Digestion according to the invention was preferably under 37 ℃, 250rpm digestion 2 hours, and said cultivation is preferably at 37 ℃, 5%CO
2Cultivate under concentration, 95% relative humidity.
In the digestive process of reality, the umbilical cord fritter can not complete digestion become cell suspension, still has the less fritter of part residual, contains many mescenchymal stem cells on it, can get into next preparation link in the lump with cell suspension, and starting material avoid waste.The present invention is in order to remove collagenase and collagen in postdigestive washing; And the washing after the fusiformis attached cell occurs is in order to remove not attached cell; Twice washing can be adopted the conventional reagent that does not influence the cell growth in this area, and like PBS, the present invention preferably adopts α MEM substratum.

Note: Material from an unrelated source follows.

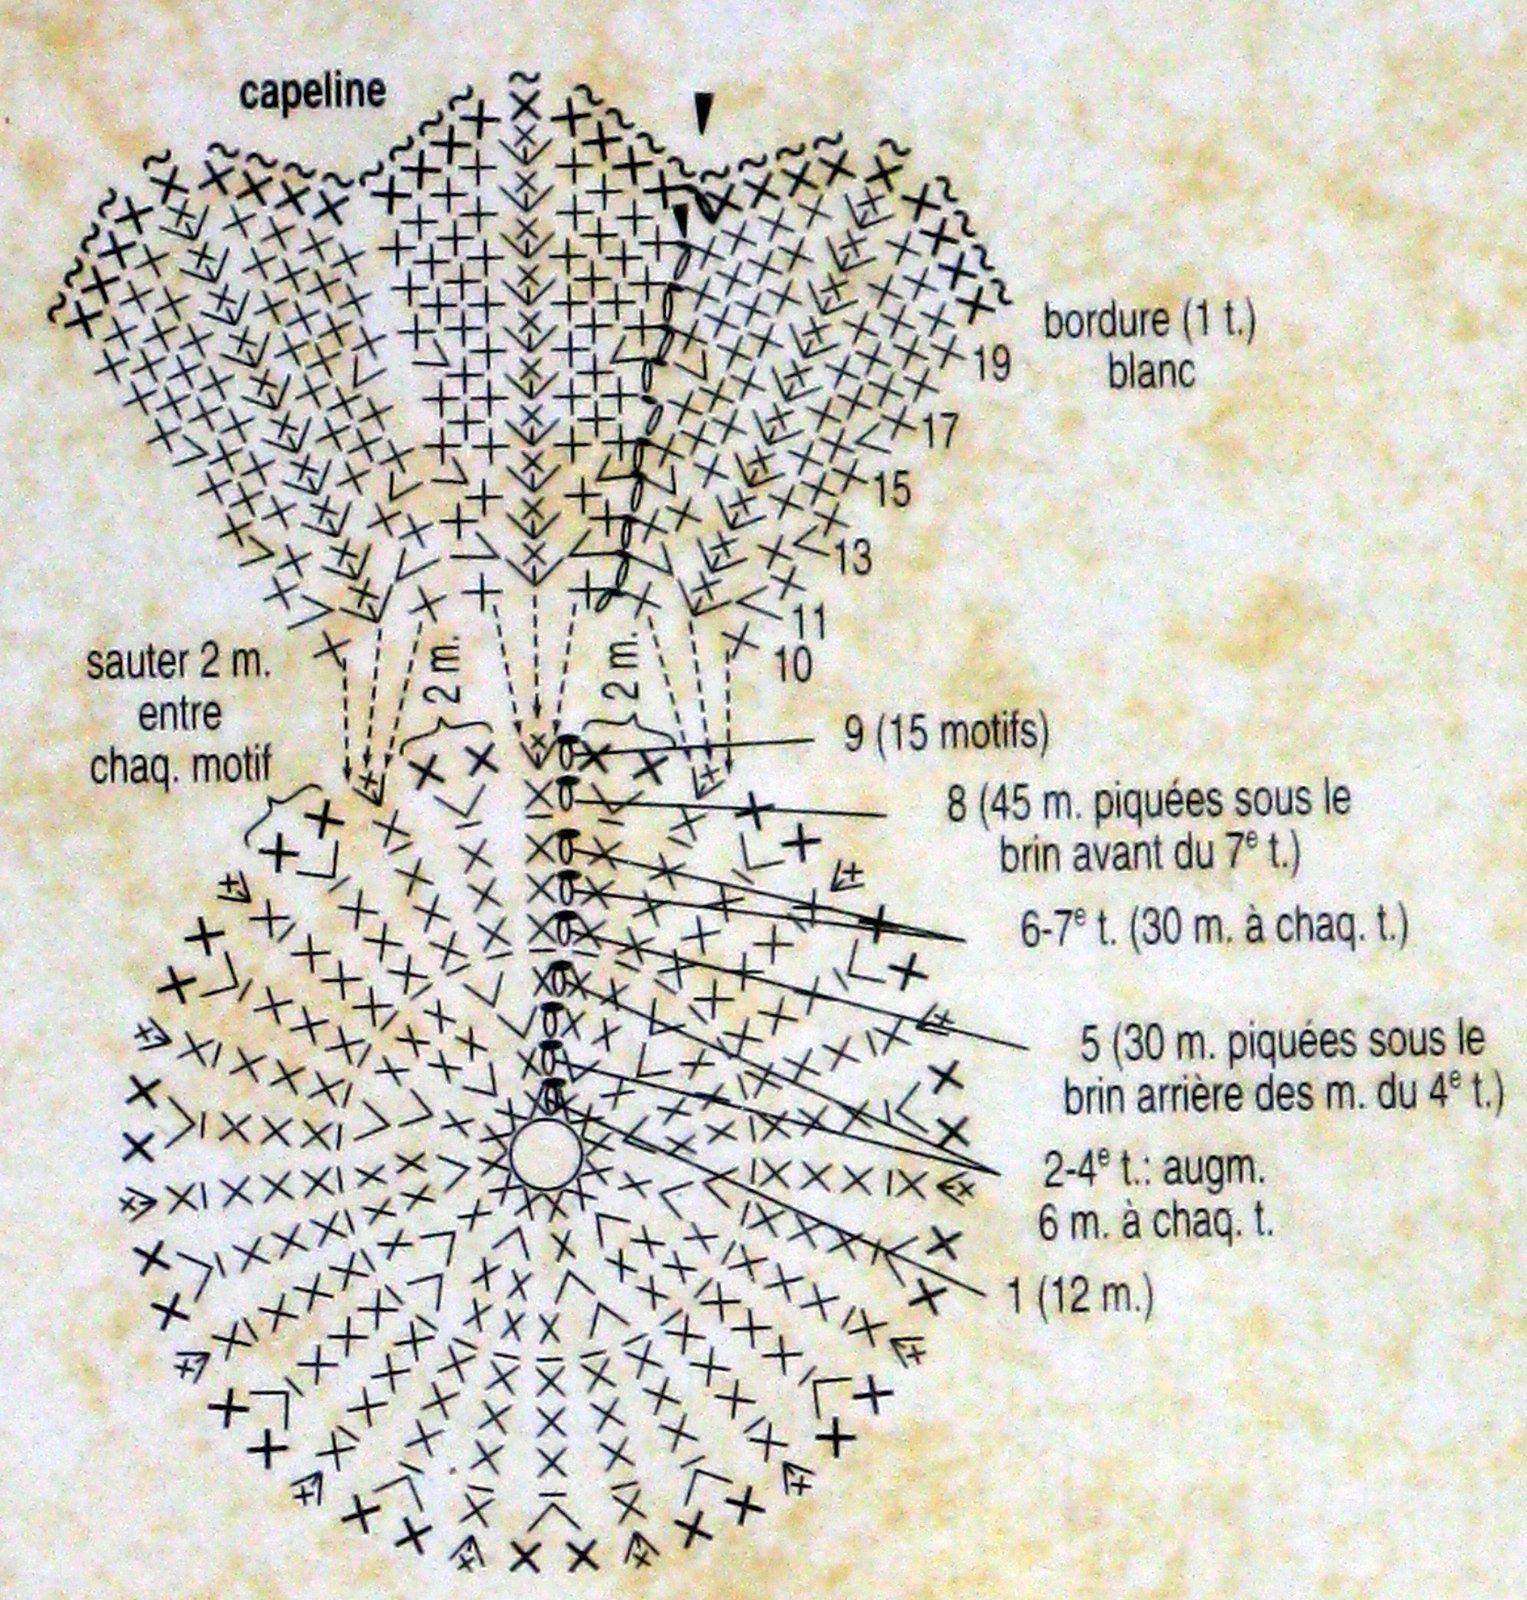 diagramme capeline

Continue in the culturing process in the present invention; Need regularly replace substratum according to general knowledge known in this field; The present invention is preferred whenever to change a perfect medium at a distance from 2 days, and in order to guarantee certain cell quantity, the present invention preferably collects when fusiformis attached cell degree of converging reaches 80-85%.
Prior art adopts the pig pancreatin to digest attached cell when going down to posterity; But the pig pancreatin is a kind of mixture that contains multiple protein; Mescenchymal stem cell can have some pig pancreatin, and the multiple heterogenous animal albumen in the pig pancreatin can increase the probability that causes anaphylaxis undoubtedly.And the pig pancreatin is bigger for the toxicity of mescenchymal stem cell, when going down to posterity, influences the vigor of cell.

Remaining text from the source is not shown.